__Dataset excerpt__:
★ ★ ★ ★ ★ ★ ★

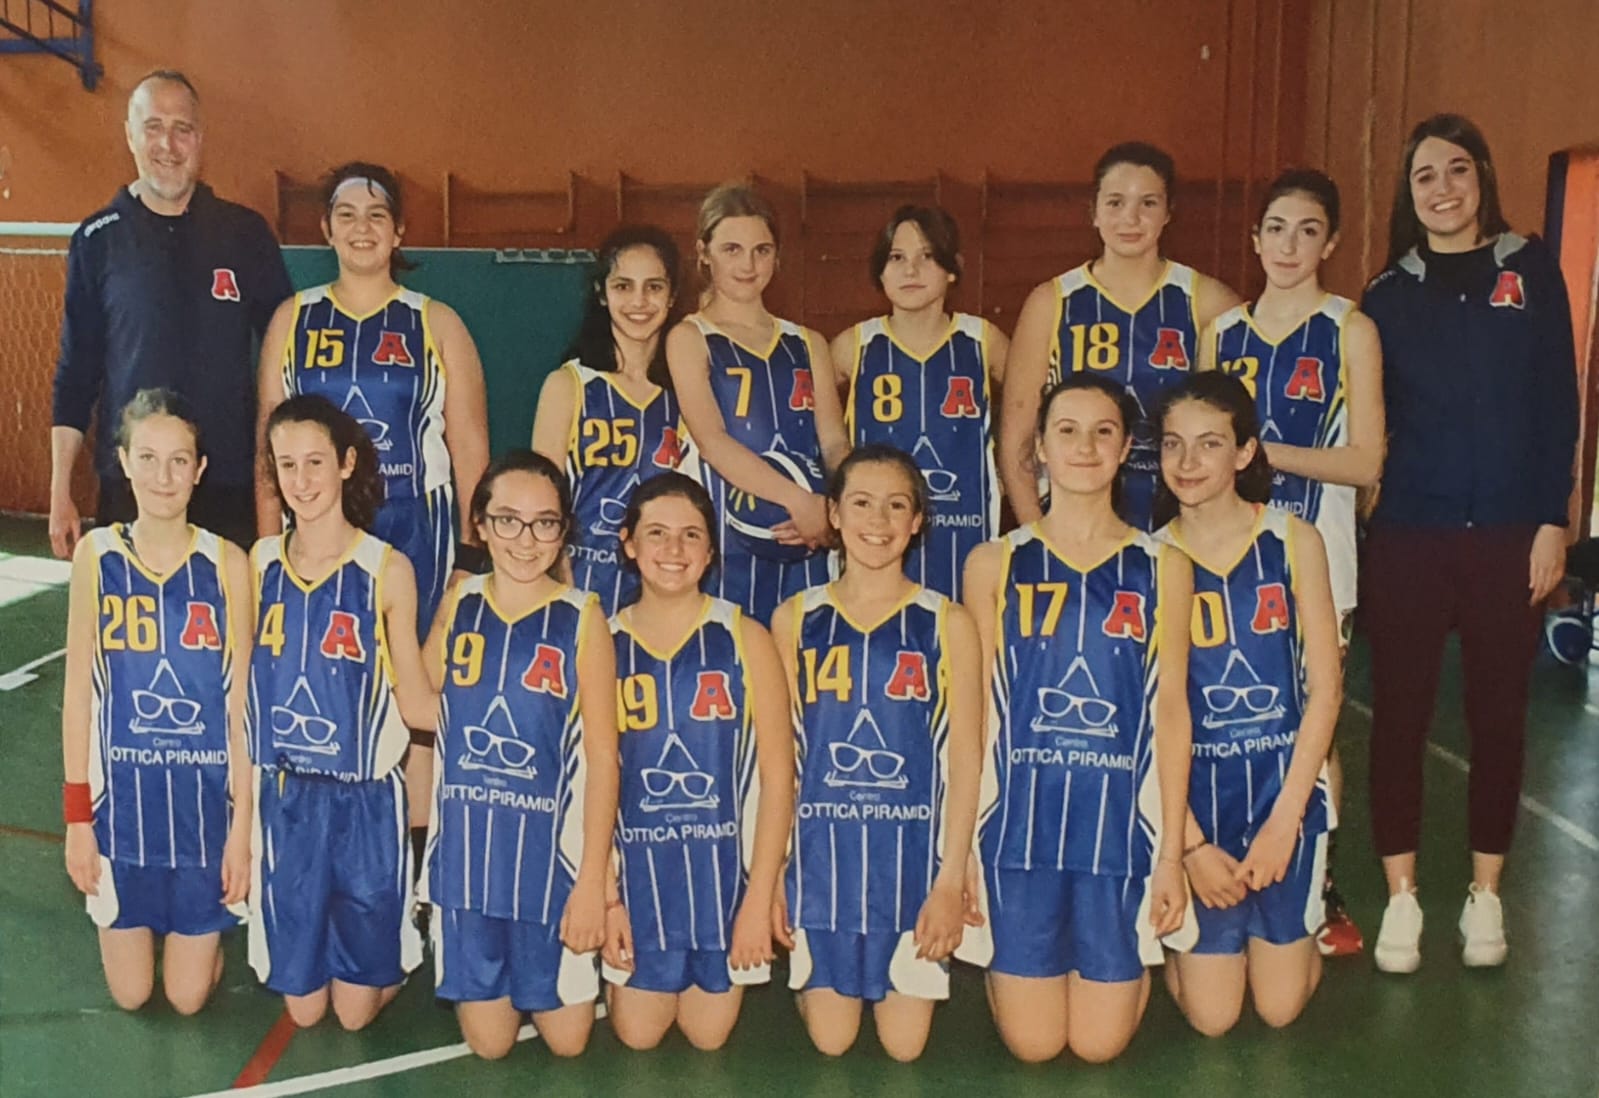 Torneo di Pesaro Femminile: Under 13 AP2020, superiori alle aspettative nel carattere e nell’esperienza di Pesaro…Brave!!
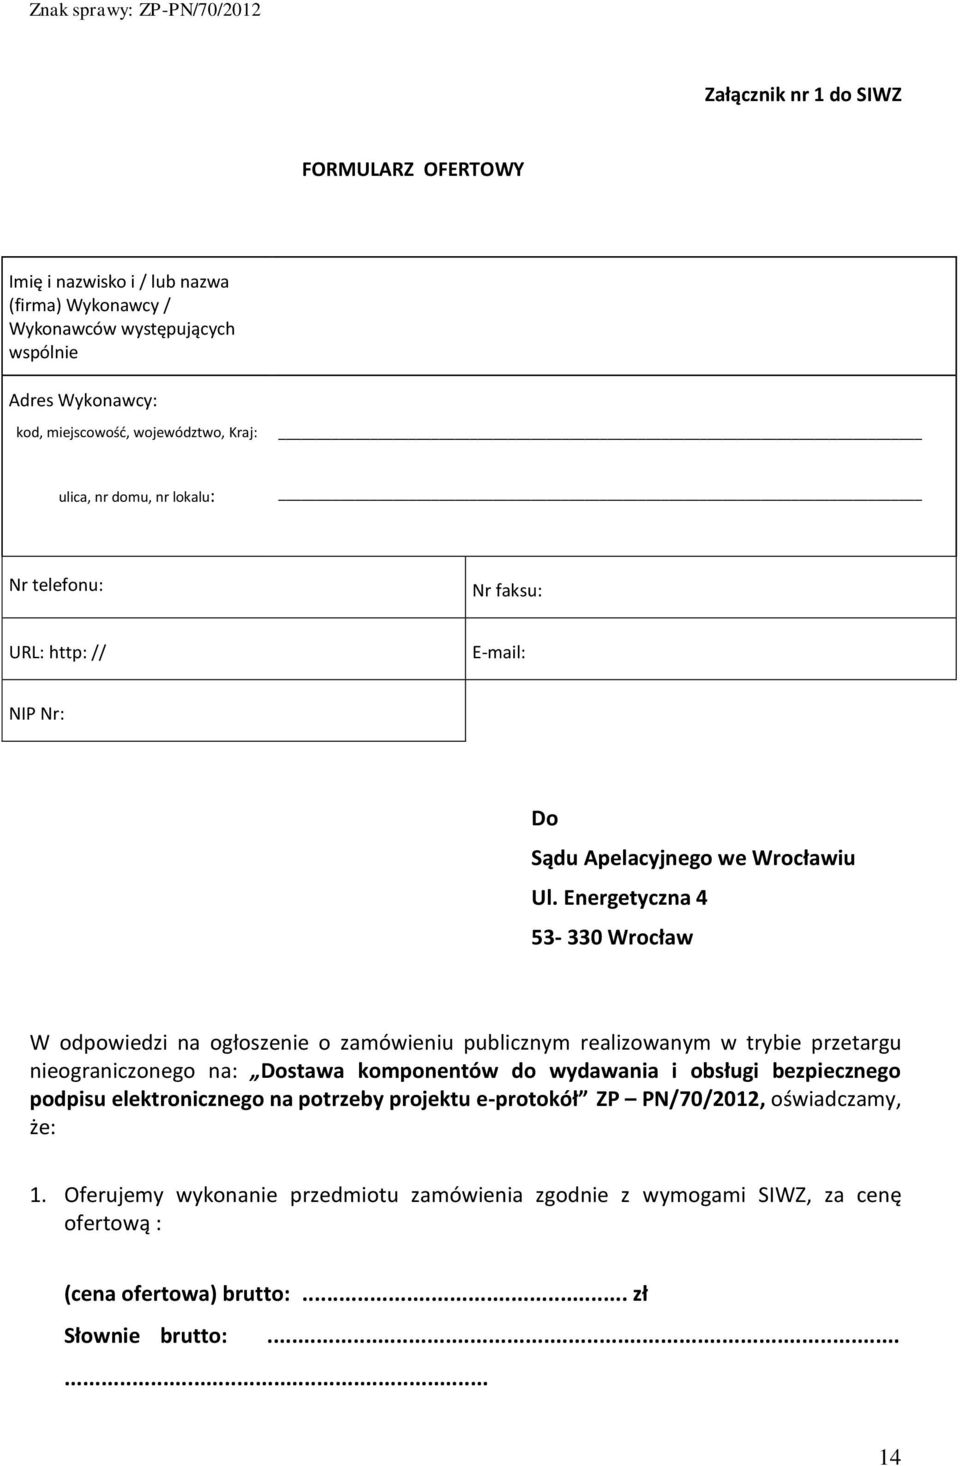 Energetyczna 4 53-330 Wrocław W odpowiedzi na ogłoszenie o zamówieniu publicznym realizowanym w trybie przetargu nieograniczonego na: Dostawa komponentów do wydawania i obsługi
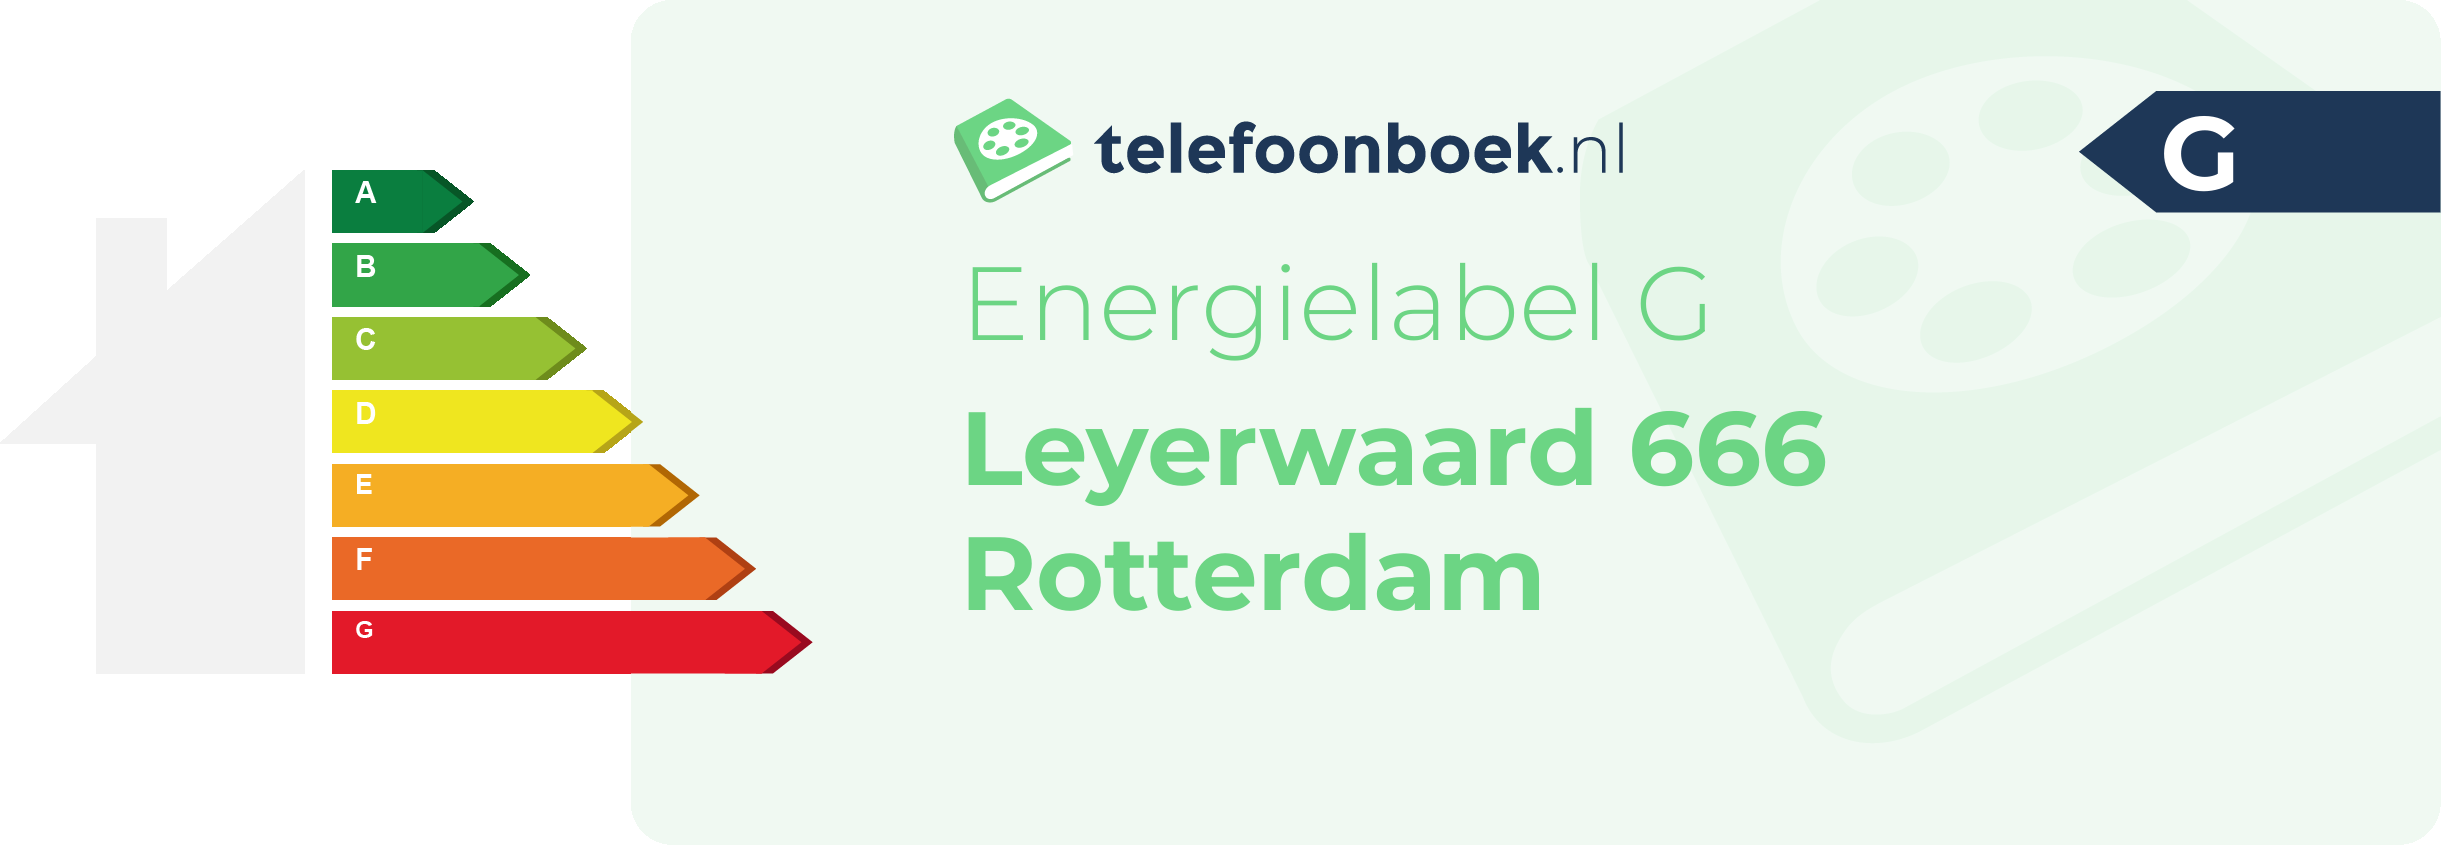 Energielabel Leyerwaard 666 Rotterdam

★ ★ ★ ★ ★ ★ ★

__Activity__:
Leave the images out as you retype each line of the material exactly.

__Written response__:
 Torneo di Pesaro Femminile: Under 13 AP2020, superiori alle aspettative nel carattere e nell’esperienza di Pesaro…Brave!!
 Energetyczna 4 53-330 Wrocław W odpowiedzi na ogłoszenie o zamówieniu publicznym realizowanym w trybie przetargu nieograniczonego na: Dostawa komponentów do wydawania i obsługi
 Energielabel Leyerwaard 666 Rotterdam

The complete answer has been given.